Robert White, former ambassador to El Salvador, spoke out strongly yesterday against military aid to the Salvadoran government, saying that weakened leftist guerrillas are no threat and that new military equipment would inevitably be used to "assassinate and kill in a totally uncontrolled way."

In dramatic testimony before the House Appropriations subcommittee on foreign operations, White, a career Foreign Service officer summarily dismissed by the Reagan administration last month, said "the chief killer of Salvadorans is the government security forces."

He cited the recent murder of four American church women and the execution of about 5,000 leftists and persons "merely suspected of being leftists."

At one point, White asked Republican congressmen voicing support for military aid, "do you want to associate yourself with this kind of killing?"

White's testimony was the most forceful public rebuttal thus far to administration insistence that leftist guerrillas backed by the Soviet Union and Cuba represent a threat to the survival of the Salvadoran junta. The remarks were his first public statement since his dismissal, which he called an act of vengenance" by the administration.

White's assertions are certain to add to the controversy over whether the United States should provide $25 million to $30 million in military aid and send as many as 26 military advisers to El Salvador. That option is now under consideration at the White House.

John Bushnell, acting assistant secretary of state for Latin American affairs, responded to White's testimony, saying "it baffles the imagination," given the amount of communist-supplied arms, that there would be no need to strengthen government forces.

Bushnell stopped short of requesting more military aid, but he noted that the $10.4 million provided by the Carter administration has been spent. "Although the miliary in El Salvador did very well" against the guerrillas, he said, "infiltration continues, and there will be some political needs that will arise."

Whie voiced firm support for the present coalition government, despite what he called a "miserable record" of repression. He praised government land reform which, he said, has compensated previous owners, set up agricultural cooperatives and is moving toward creation of family farms for almost 150,000 new owners in a country whose small oligarchy has maintained a stranglehold on the economy for generations.

The present government is "perfectly capable of handling the situation" without U.S. military aid, White said. "The leftist guerrilla threat has always been misanalyzed by the Pentagon . . . when the guerrillas announced their final offensive in January and imported massive quantities of arms, this beleaguered government put down the offensive without one cartridge coming from the United States . . . There is no reported incident of guerrillas holding any base or town for more than 24 hours."

When the guerrillas called for a general strike, everyone ignored it, he said.

Though acknowledging the flow of arms through Nicaragua into El Salvador, White said, "There are arms, but there aren't the guerrillas willing to pick them up because the cause of the guerrillas is declining and the cause of democracy is going forward."

White said that during his 10 months as ambassador, the Pentagon continually tried to increase the number of military advisers in El Salvador, which has been steady at five to six persons.

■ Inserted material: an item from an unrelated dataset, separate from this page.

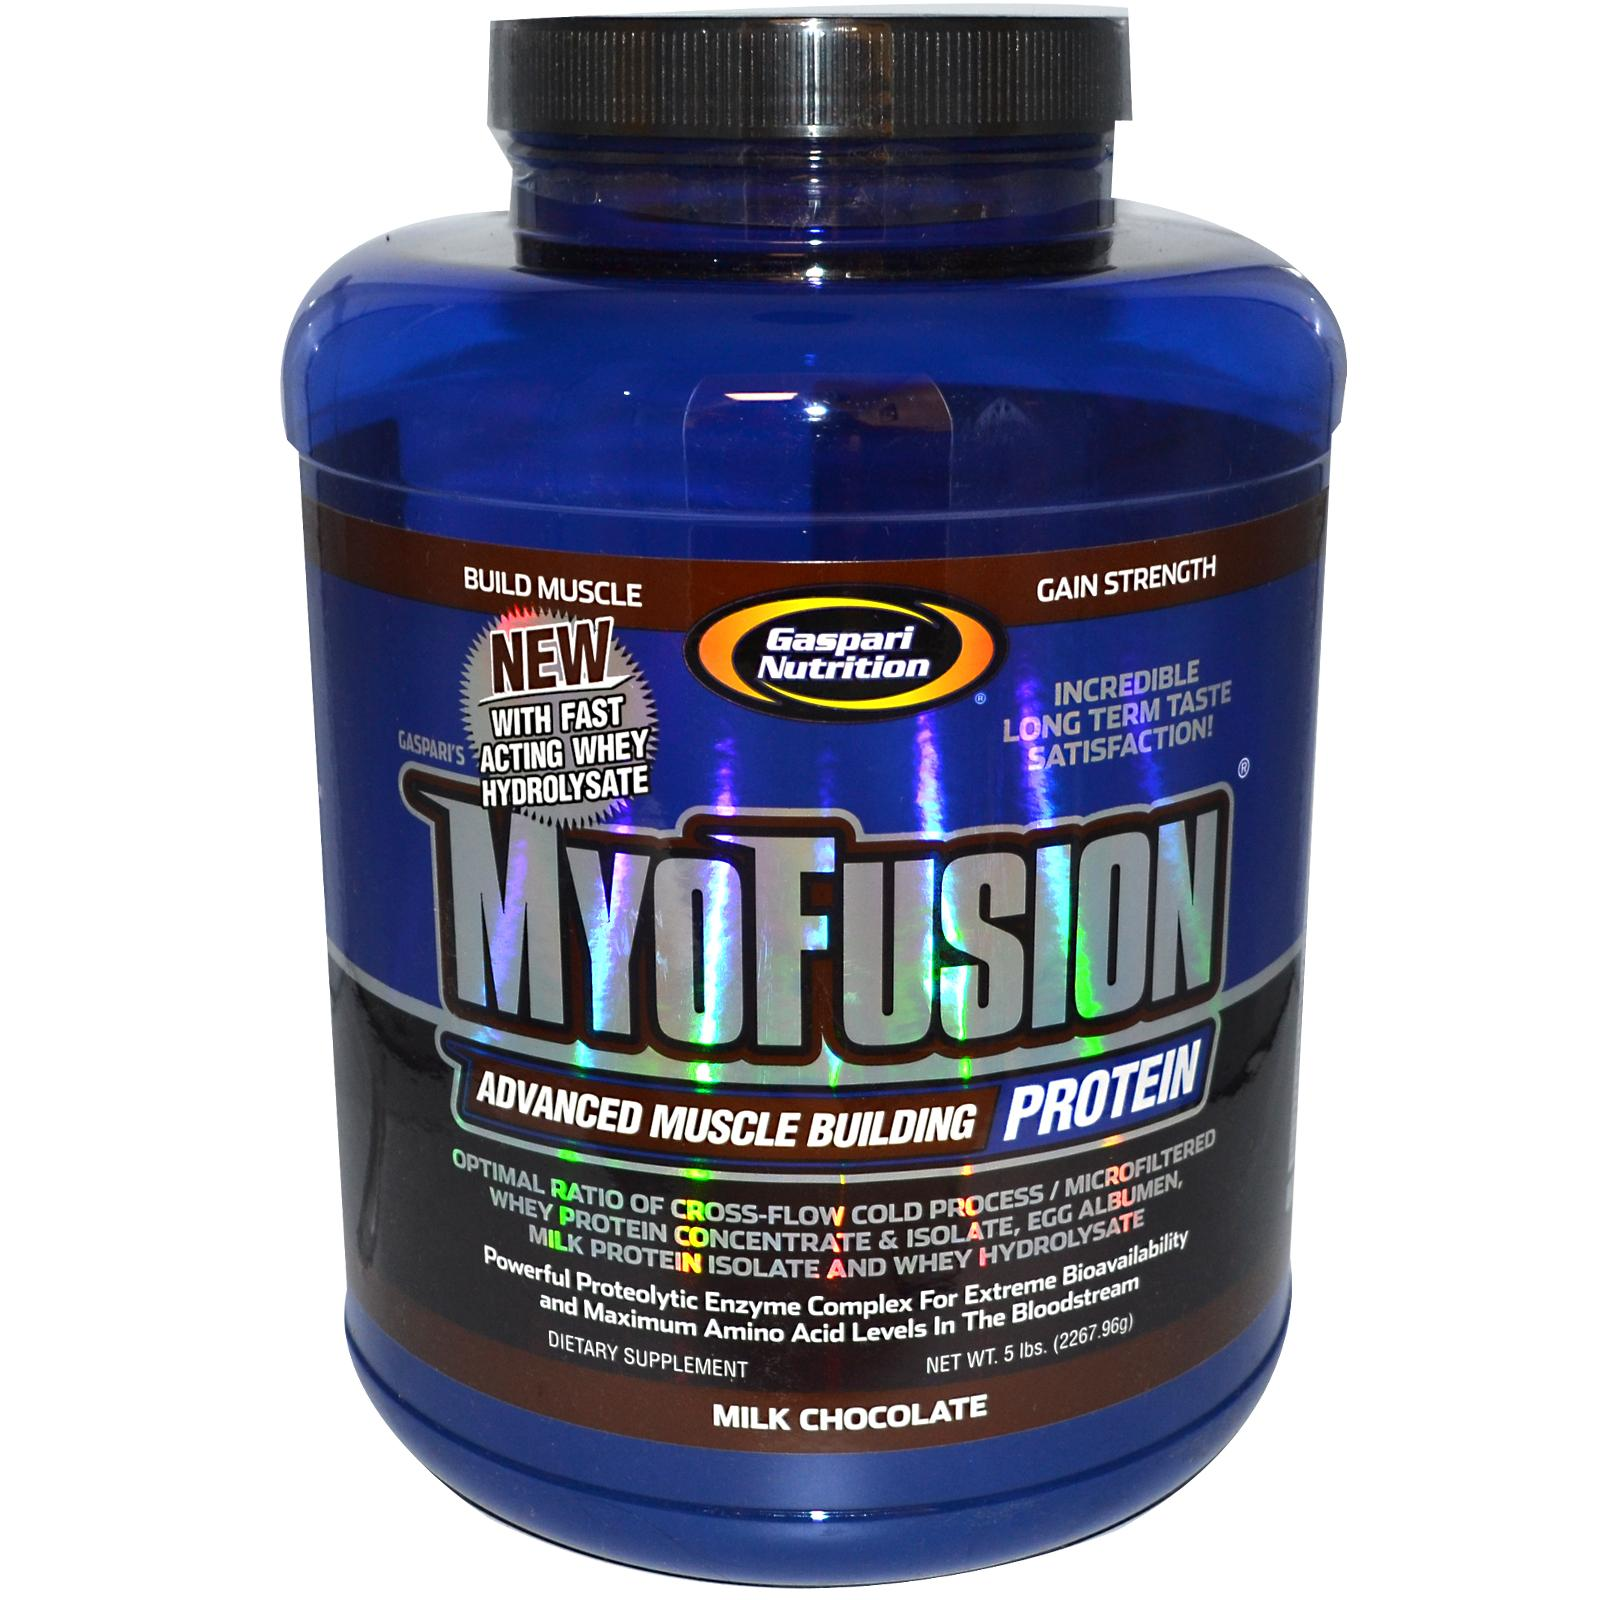 AvP Supplement (Bodybuilding Supplement Store): Myofusion 5lbs

On Jan. 19, White said, Col. Eldon Cummings, commander of the U.S. military group in El Salvador, tried "under severe pressure from the Pentagon" to persuade him to send a message to Washington requesting 75 military adviser. White refused.

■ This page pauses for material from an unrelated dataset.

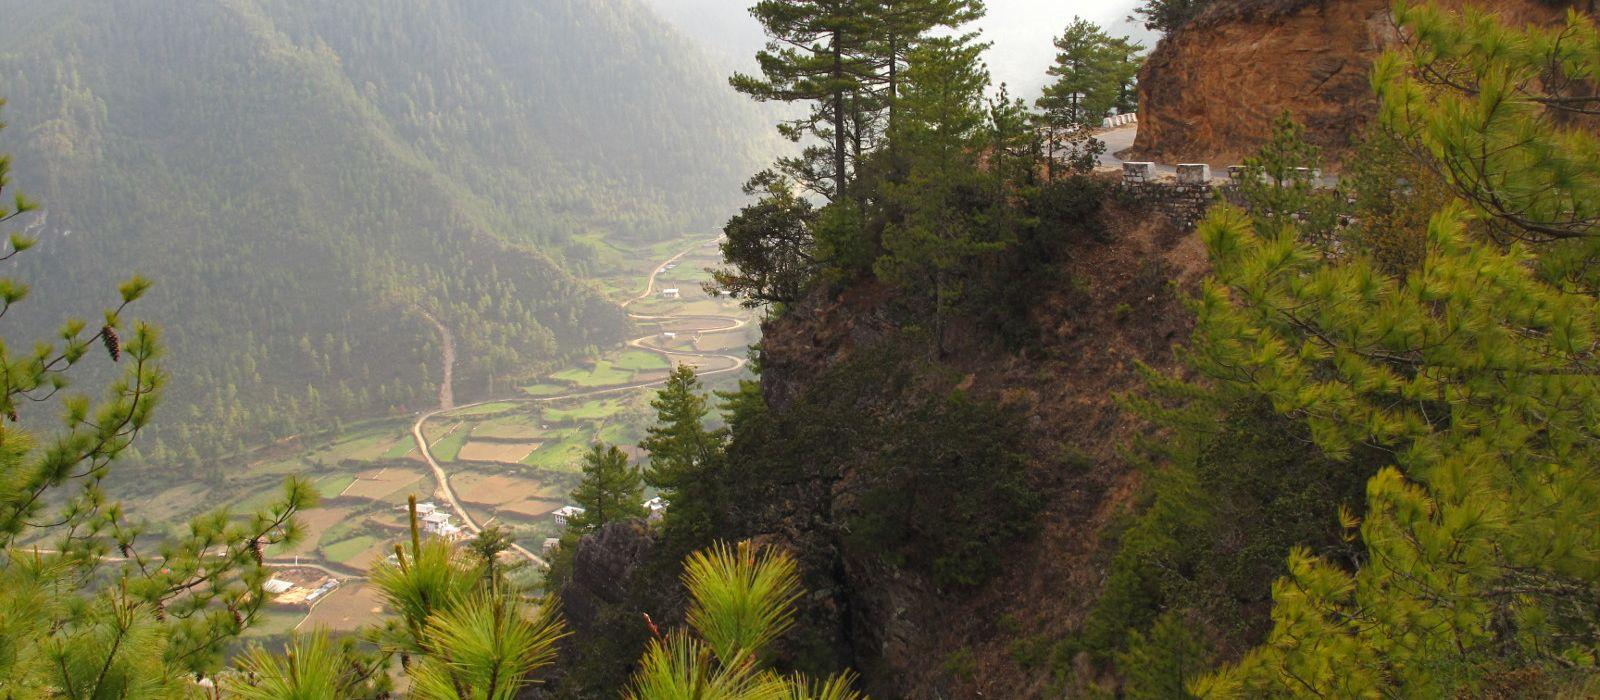 Hotel Trekking in Gangtey Bhutan

White also said he had opposed President Carter's resumption of miliary aid after the four American church women were murdered. He said the State Department claim that the government was making progress investigating the murders was false. "There never was, and there never has been a serious investigation of the deaths," he said.

White told reporters after the hearing that on at least two occasions he had recommended that the government use all of its resources, including the FBI and the IRS, to investigate the activities of Salvadorans in Miami.

They "provide important amounts of money to the security forces and right-wing hit squads," White said. "When you talk about assistance from the Soviet Union, you have to worry about the destabilizing effect of this flow of funds from Miami and Guatemala City."

White added that Salvadoran buisnessmen have been told by Miami exiles that unless the businessmen close their factories and leave El Salvador, their buildings would be torched. "The object of the right wing is to break the economy of El Salvador," White said.

Military aid, White said, would undercut "a fledgling government headed by civilians who are desperately trying to bring a recalcitrant military under control."

An injection of U.S. arms would increase random killings by government forces, White argued, resulting in a surge of poplar support for leftists. That would provide an excuse for a rigt-wing coup, he predicted.

Democratic congressmen at the hearing drew parallels between El Salvador and Vietnam, where hostilities involving the United States started with introduction of military advisers.

Senate Majority Leader Howard H. Baker Jr. (R-Tenn.), emerging from a meeting with President Reagan, said it would be "entirely appropriate for this country to dispatch noncombat advisers in small numbers -- 50, 100, 150 -- to tell these people how to defend themselves against Cuba."

Baker dismissed the comparison to Vietnam: "I do not favor the commitment of American troops in Central America. I do not believe President Reagan does."